KevBo wrote:The heart is the customers logo or brand (she's a painter and uses this as her signature)
Okay. I didn´t recognize that it is a heart.
KevBo wrote:By hooklet do you mean the disk with my logo and serial number?
The heart. For me it looks like a hook - in a dictionary I found "hooklet" with the meaning "small hook".
I like your logo and I understand the sense of a serial number. When I started building cajones I did not even have a brand´s name. But musicians apparantly want to play instruments with logo (maybe they feel naked without
). I started thinking about the problem to keep my logo independent from the instrument – or seen from the other side: not to make the logo become part of the instrument itself. Today´s instruments (especially cajones) are often just background areas for the producers´ promotion.
KevBo wrote:Rest assured that the form of this drum was developed over tons of trial and error while attaining to achieve the best content.

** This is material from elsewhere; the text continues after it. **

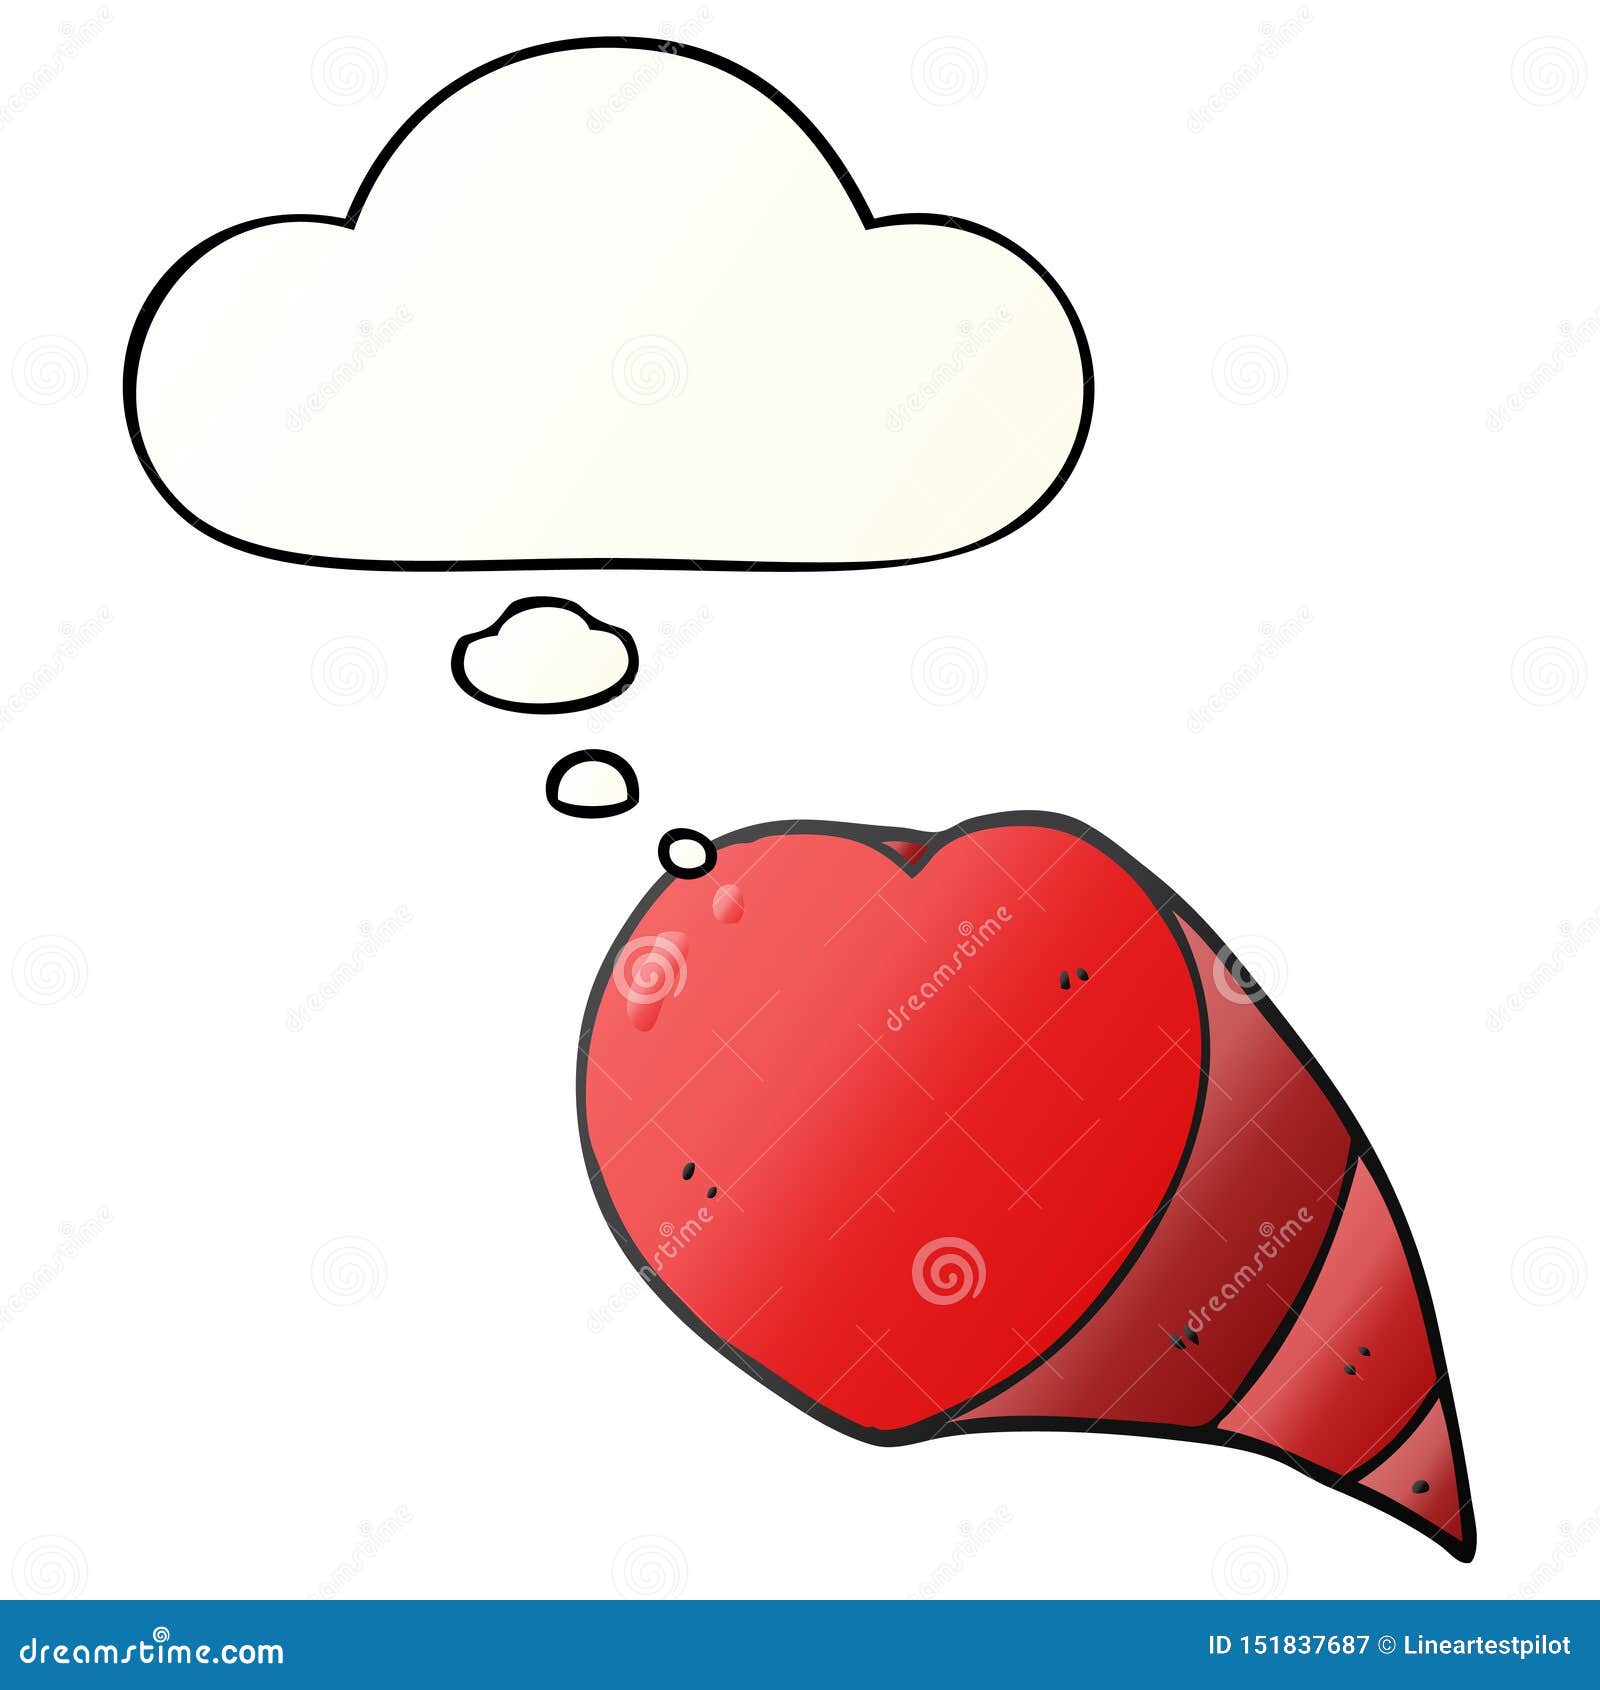 A Creative Cartoon Love Heart Symbol And Thought Bubble In
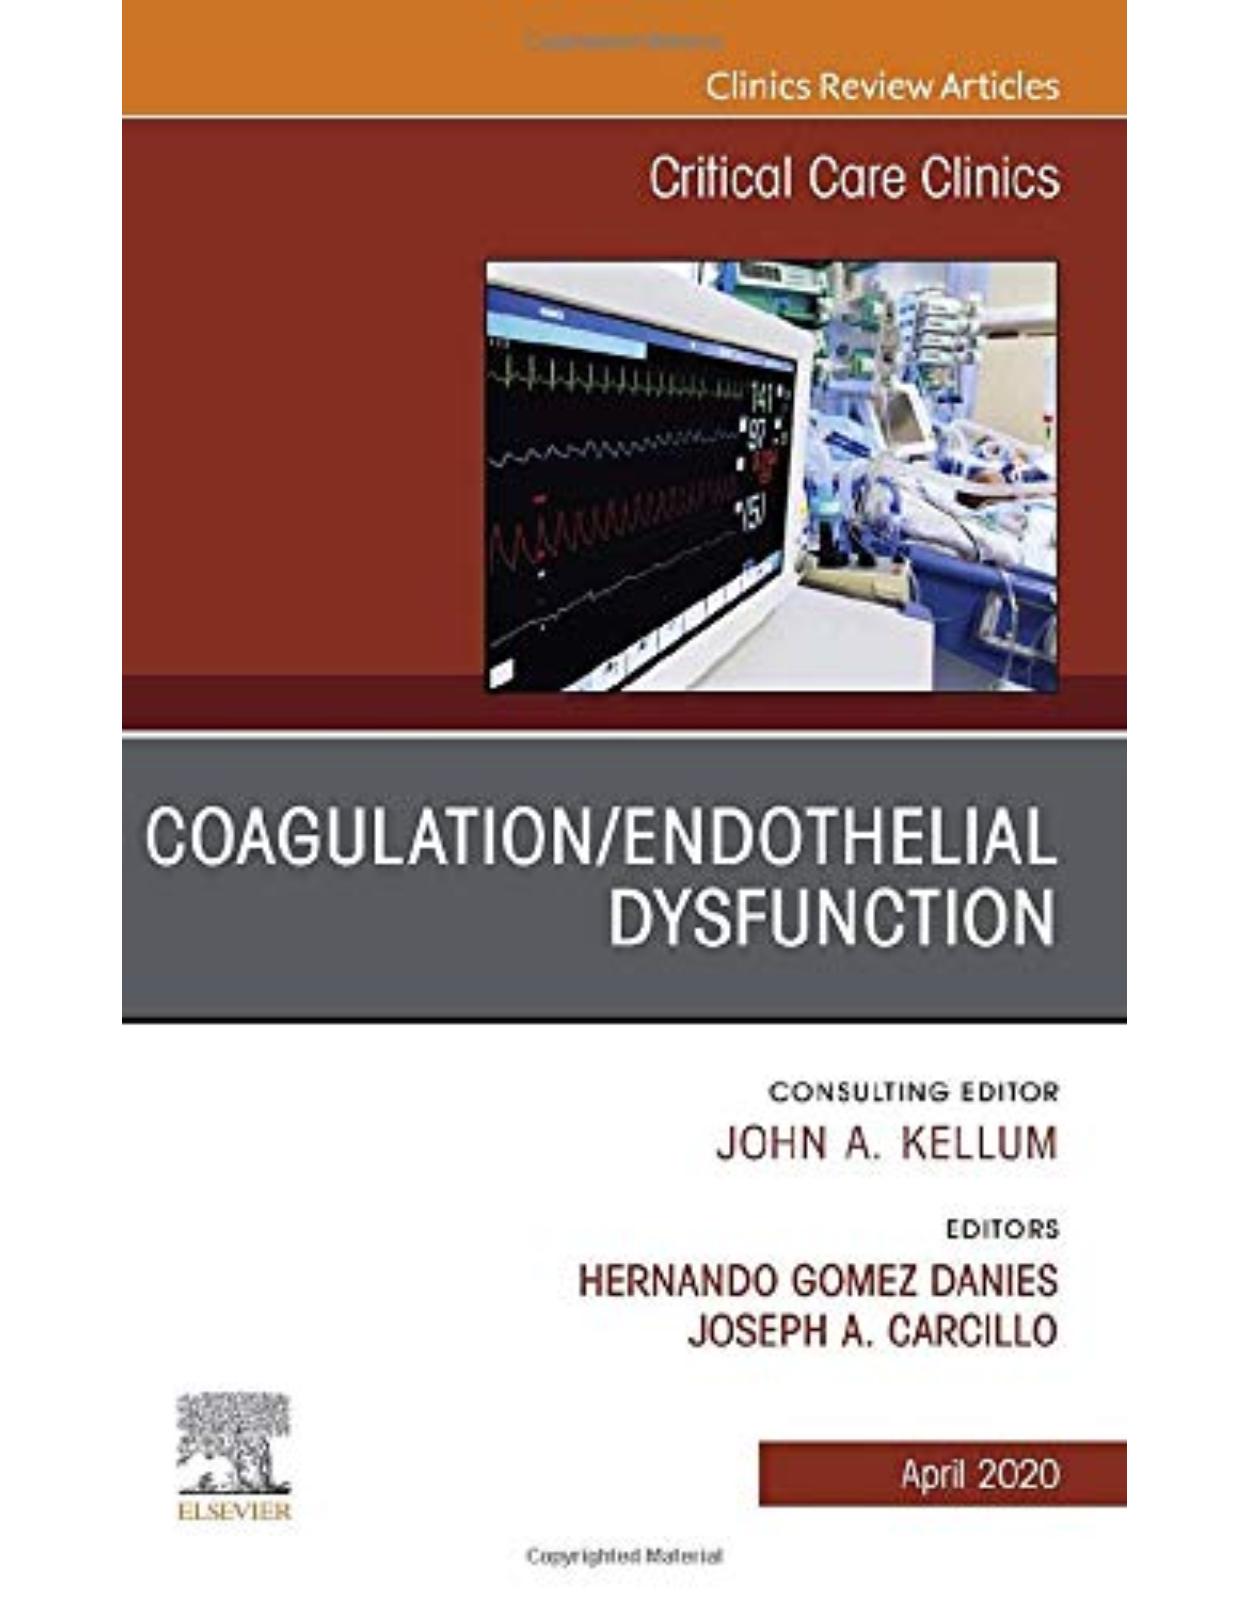 Coagulation/Endothelial Dysfunction ,An Issue of Critical Care Clinics (Volume 36-2)

In form is function, and this shape is just that.
I am wondering about the synthetic heads, because I know that the big companies have to offer a minimum purchase in order to get Remo to make them in the needed shape. I know a German conga maker who copied the top area of a widely used model. This gives him the option to offer his instruments with synthetic heads as well. How are you adapting your djembés to the heads or contrary: the heads to your djembés (maybe by copying a LP djembé´s shape inside the range of 3-5 cm from the top edge?)
KevBo wrote:... where the professional is going to require a more refined sound and know his craft. He wants from the drum what is asked of it and wont enjoy playing a djembe that doesn't deliver.
I just asked because many fascinating playing skills were developed as kompensations of bad instruments.